Predict the sign of \(\Delta S^{\circ}\) and then calculate \(\Delta S^{\circ}\) for each of the following reactions. a. \(\mathrm{H}_{2}(g)+\frac{1}{2} \mathrm{O}_{2}(g) \longrightarrow \mathrm{H}_{2} \mathrm{O}(l)\) b. \(2 \mathrm{CH}_{3} \mathrm{OH}(g)+3 \mathrm{O}_{2}(g) \longrightarrow 2 \mathrm{CO}_{2}(g)+4 \mathrm{H}_{2} \mathrm{O}(g)\) c. \(\mathrm{HCl}(g) \longrightarrow \mathrm{H}^{+}(a q)+\mathrm{Cl}^{-}(a q)\)

From gas to a liquid phase, the disorder of a system decreases. In this reaction, two gas molecules are combining to form one liquid molecule. Considering fewer molecules and lower randomness, we can predict a negative \(\Delta S^{\circ}\).

To calculate the change in entropy, we will use the formula: \[\Delta S^{\circ} =\Delta S^{\circ}_{\text{products}} - \Delta S^{\circ}_{\text{reactants}}\] Let's find the entropy changes in the reactants and products: - For H₂(g): \(S^{\circ}_{\text{H₂(g)}} = 130.6 \frac{J}{mol K}\) - For O₂(g): \(S^{\circ}_{\text{O₂(g)}} = 205.1 \frac{J}{mol K}\) - For H₂O(l): \(S^{\circ}_{\text{H₂O(l)}} = 69.9 \frac{J}{mol K}\) Now, we can substitute these values in the formula and calculate the change in entropy: \[\Delta S^{\circ}= 69.9 - (130.6 + (0.5 \times 205.1))\] \[\Delta S^{\circ}= -164.2 \frac{J}{mol K}\] #b. \(2 \mathrm{CH}_{3} \mathrm{OH}(g)+3 \mathrm{O}_{2}(g) \longrightarrow 2 \mathrm{CO}_{2}(g)+4 \mathrm{H}_{2} \mathrm{O}(g)\) #

We have five moles of gas in the reactants and six moles of gas in the products. This means an increase in the number of molecules involved in the reaction which results in higher disorder. We can predict a positive \(\Delta S^{\circ}\).

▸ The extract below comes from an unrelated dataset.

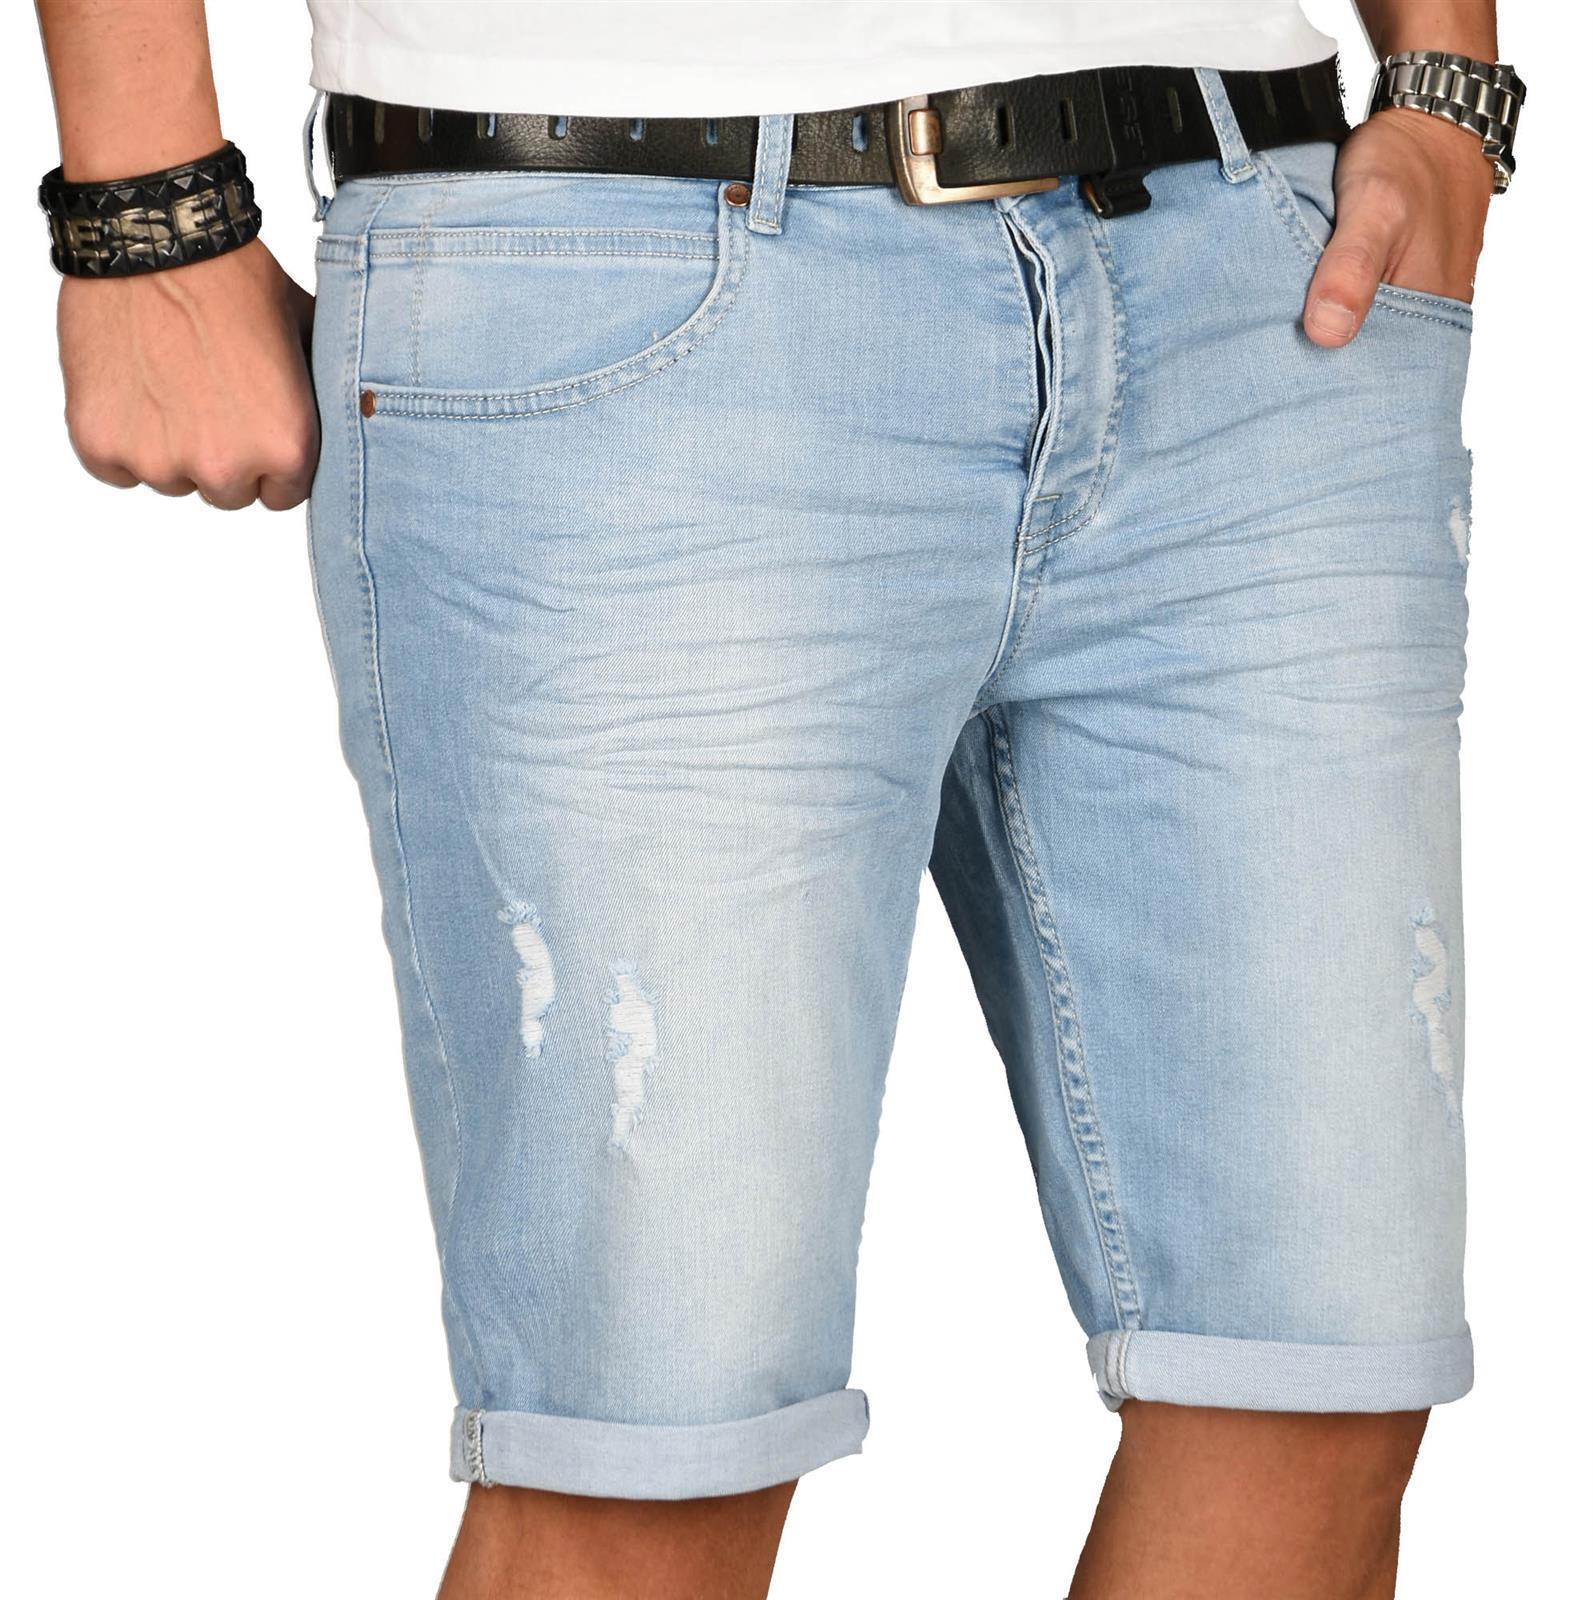 A-Salvarini-Herren-Designer-Jeans-Short-kurze-Hose-Slim-Sommer-Shorts-Washed Indexbild 15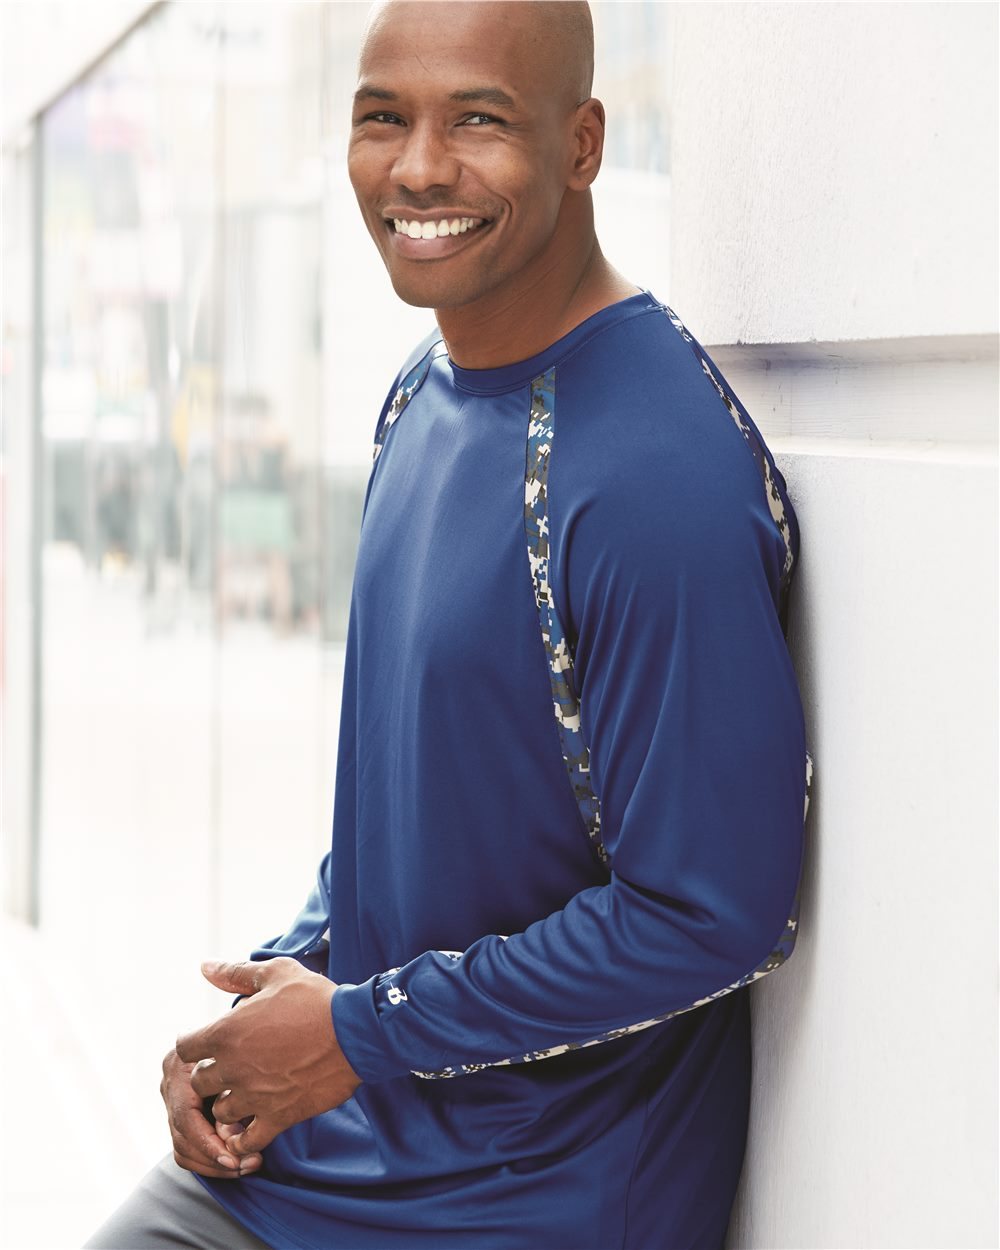 Badger 4155 - Digital Camo Hook Long Sleeve Tee Shirt

Let's find the entropy changes in the reactants and products: - For CH₃OH(g): \(S^{\circ}_{\text{CH₃OH(g)}} = 239.7 \frac{J}{mol K}\) - For O₂(g): \(S^{\circ}_{\text{O₂(g)}} = 205.1 \frac{J}{mol K}\) - For CO₂(g): \(S^{\circ}_{\text{CO₂(g)}} = 213.8 \frac{J}{mol K}\) - For H₂O(g): \(S^{\circ}_{\text{H₂O(g)}} = 188.8 \frac{J}{mol K}\) Now we can substitute these values in the formula and calculate the change in entropy: \[\Delta S^{\circ}= (2 \times 213.8 + 4 \times 188.8) - (2 \times 239.7 + 3 \times 205.1)\] \[\Delta S^{\circ}= 243.6 \frac{J}{mol K}\] #c. \(\mathrm{HCl}(g) \longrightarrow \mathrm{H}^{+}(a q)+\mathrm{Cl}^{-}(a q)\) #

Gaseous HCl dissociates into aq H⁺ and Cl⁻ ions, resulting in a higher disorder due to the involvement of a significant amount of solvent molecules to solvate these ions. Consequently, we can predict a positive \(\Delta S^{\circ}\).

Let's find the entropy changes in the reactants and products: - For HCl(g): \(S^{\circ}_{\text{HCl(g)}} = 186.9 \frac{J}{mol K}\) - For H⁺(aq): \(S^{\circ}_{\text{H⁺(aq)}} = 0 \frac{J}{mol K}\) (by convention) - For Cl⁻(aq): \(S^{\circ}_{\text{Cl⁻(aq)}} = 56.5 \frac{J}{mol K}\) Now we can substitute these values in the formula and calculate the change in entropy: \[\Delta S^{\circ} = (0 + 56.5) - (186.9)\] \[\Delta S^{\circ} = -130.4 \frac{J}{mol K}\] To summarize the results: - For reaction (a), the sign of \(\Delta S^{\circ}\) is negative, and the calculated value is -164.2 \(\frac{J}{mol K}\). - For reaction (b), the sign of \(\Delta S^{\circ}\) is positive, and the calculated value is 243.6 \(\frac{J}{mol K}\). - For reaction (c), the sign of \(\Delta S^{\circ}\) is negative, and the calculated value is -130.4 \(\frac{J}{mol K}\).